→ **WHAT THE TASK ASKS**:
An exact copy of the data is needed, but without any of its images.

→ **RECORDED INFORMATION**:
Segment Open

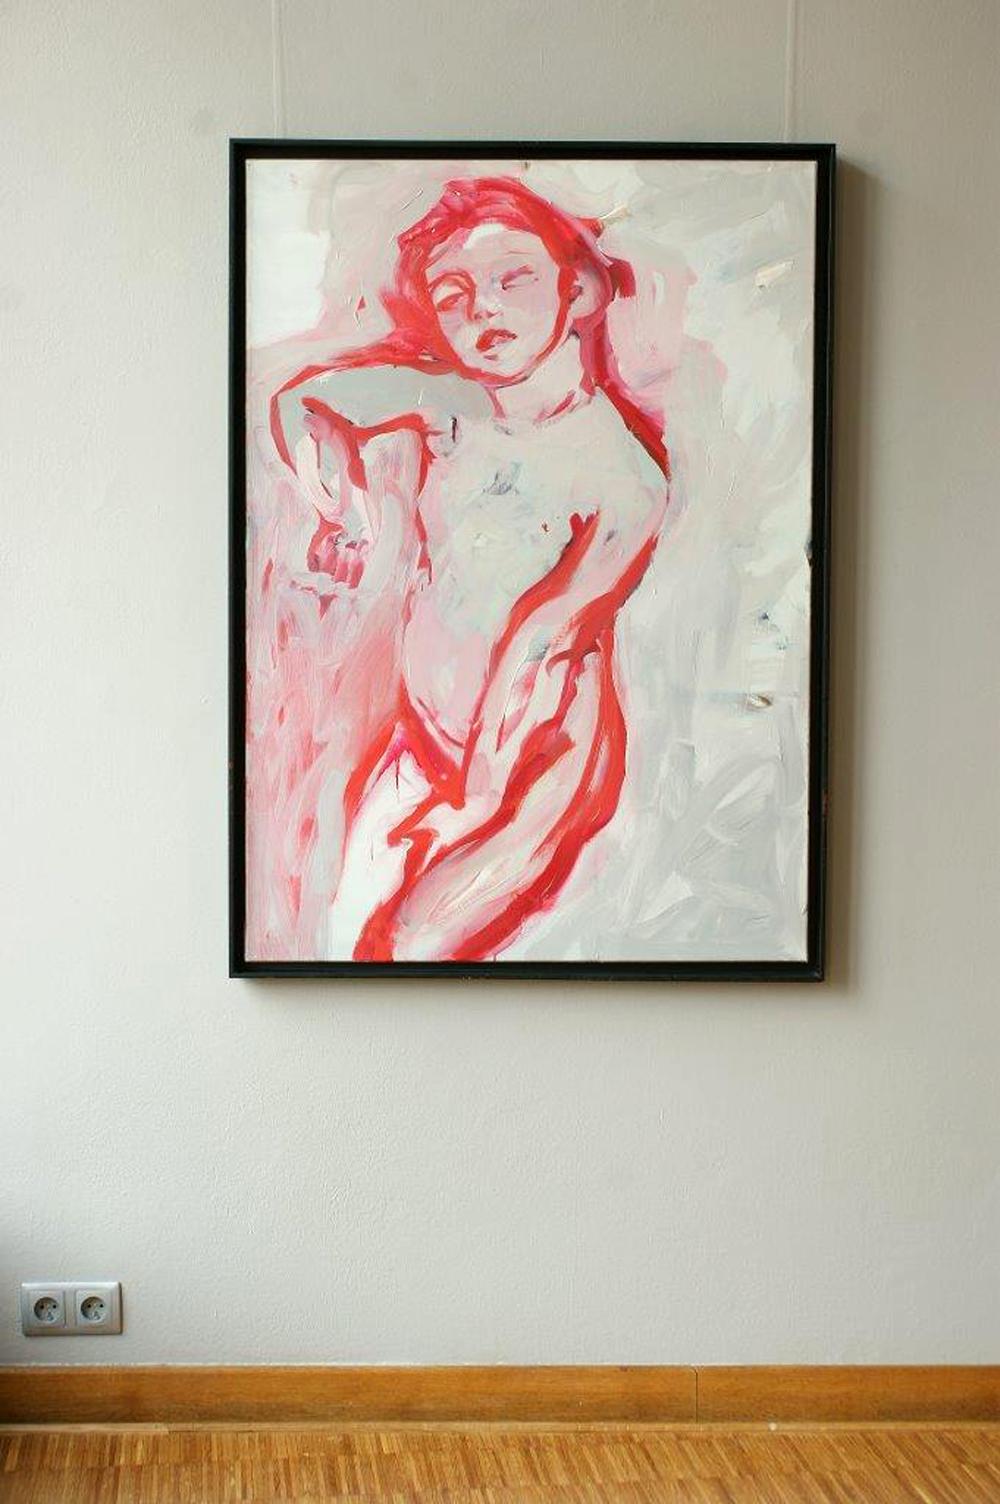 Katarzyna Swinarska : Sleeping figure
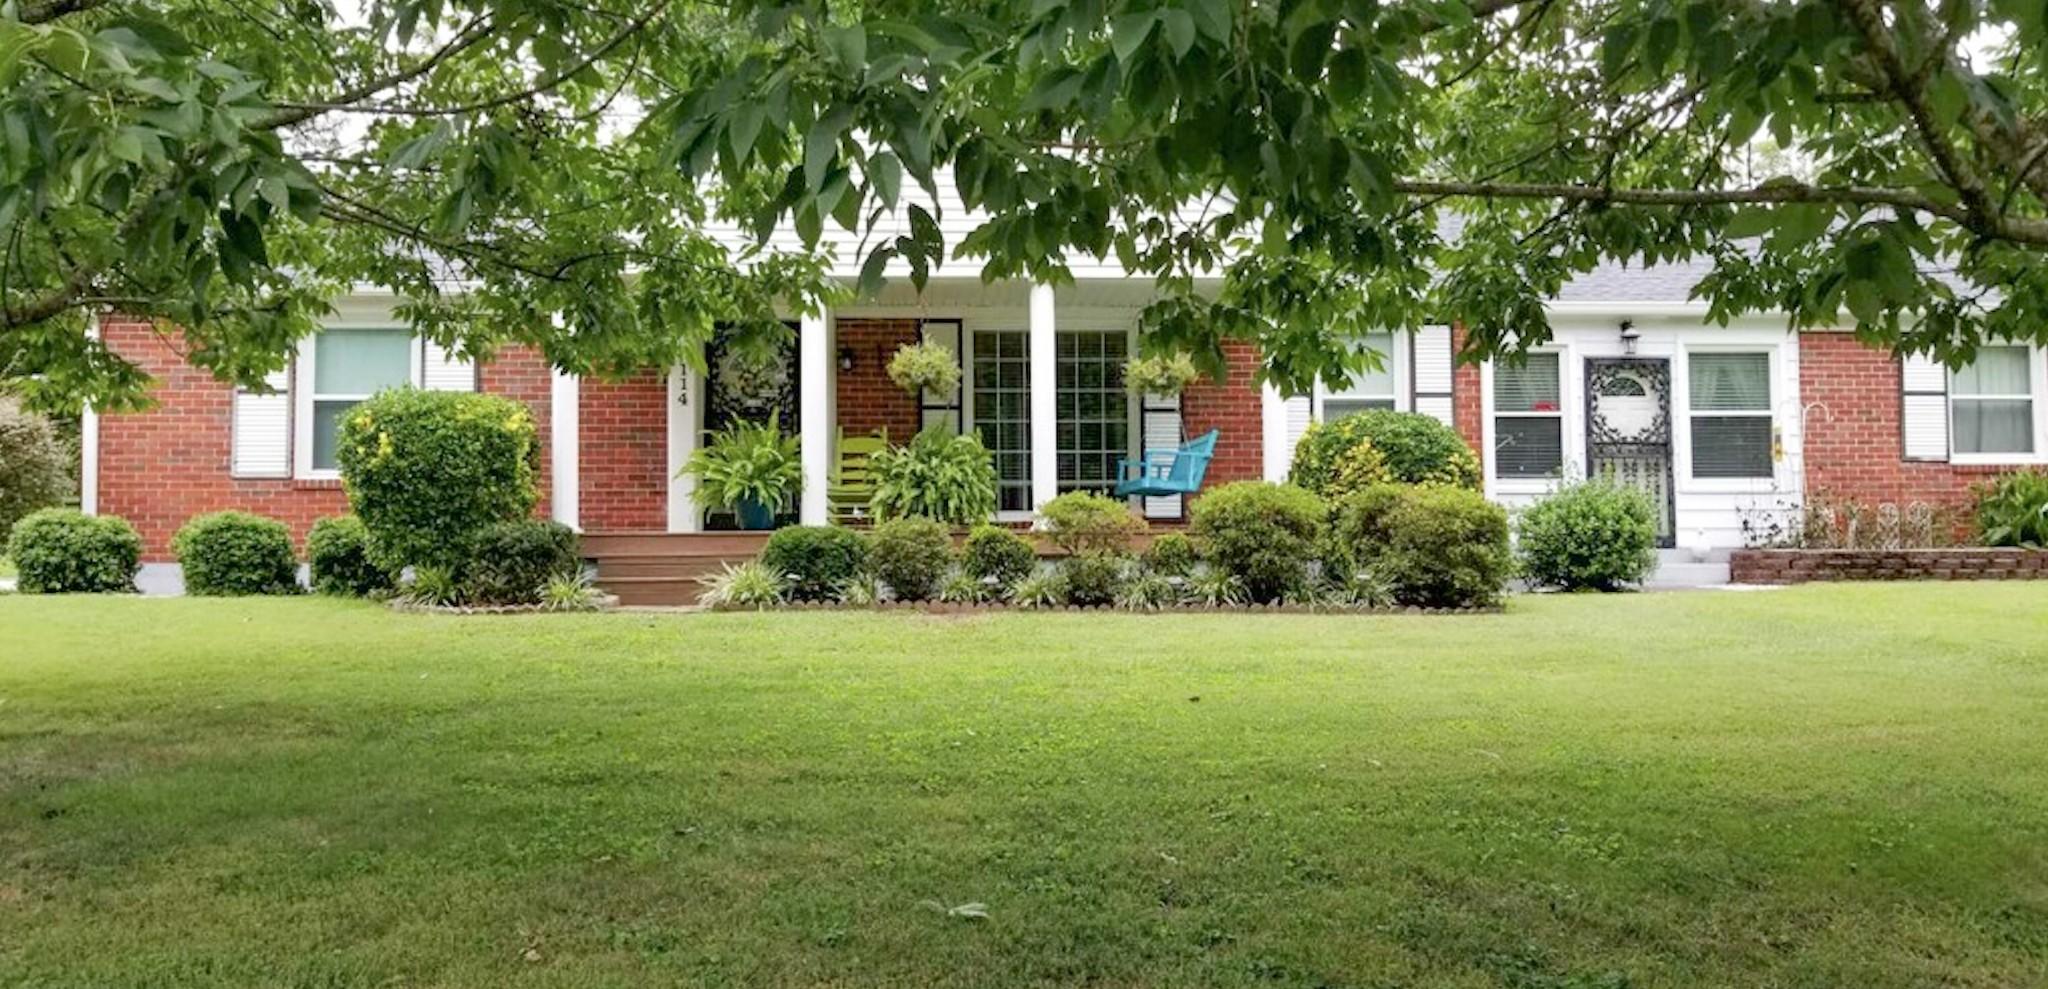 114 S Graycroft Ave, Madison, TN 37115 - Madison, TN real estate listing
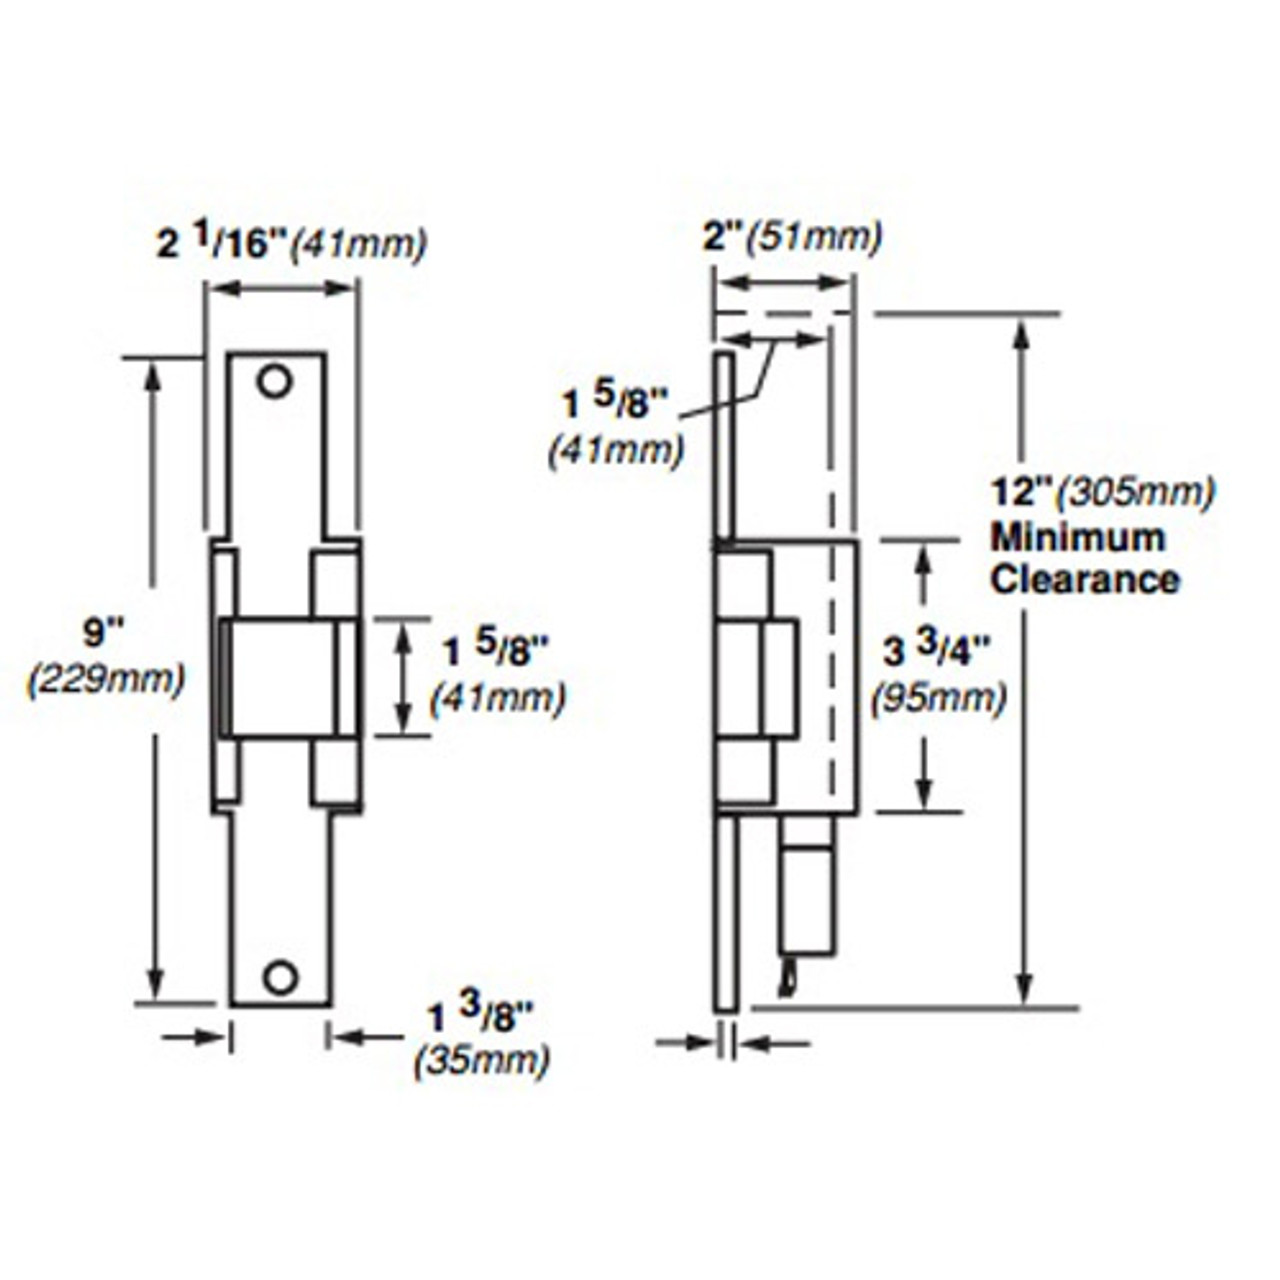 6222-12VDC-US10B Von Duprin Electric Strike for Mortise or Cylindrical Locksets in Dark Bronze Finish

Segment Closed

→ **COMPLETED TASK**:
 Katarzyna Swinarska : Sleeping figure
 114 S Graycroft Ave, Madison, TN 37115 - Madison, TN real estate listing
 6222-12VDC-US10B Von Duprin Electric Strike for Mortise or Cylindrical Locksets in Dark Bronze Finish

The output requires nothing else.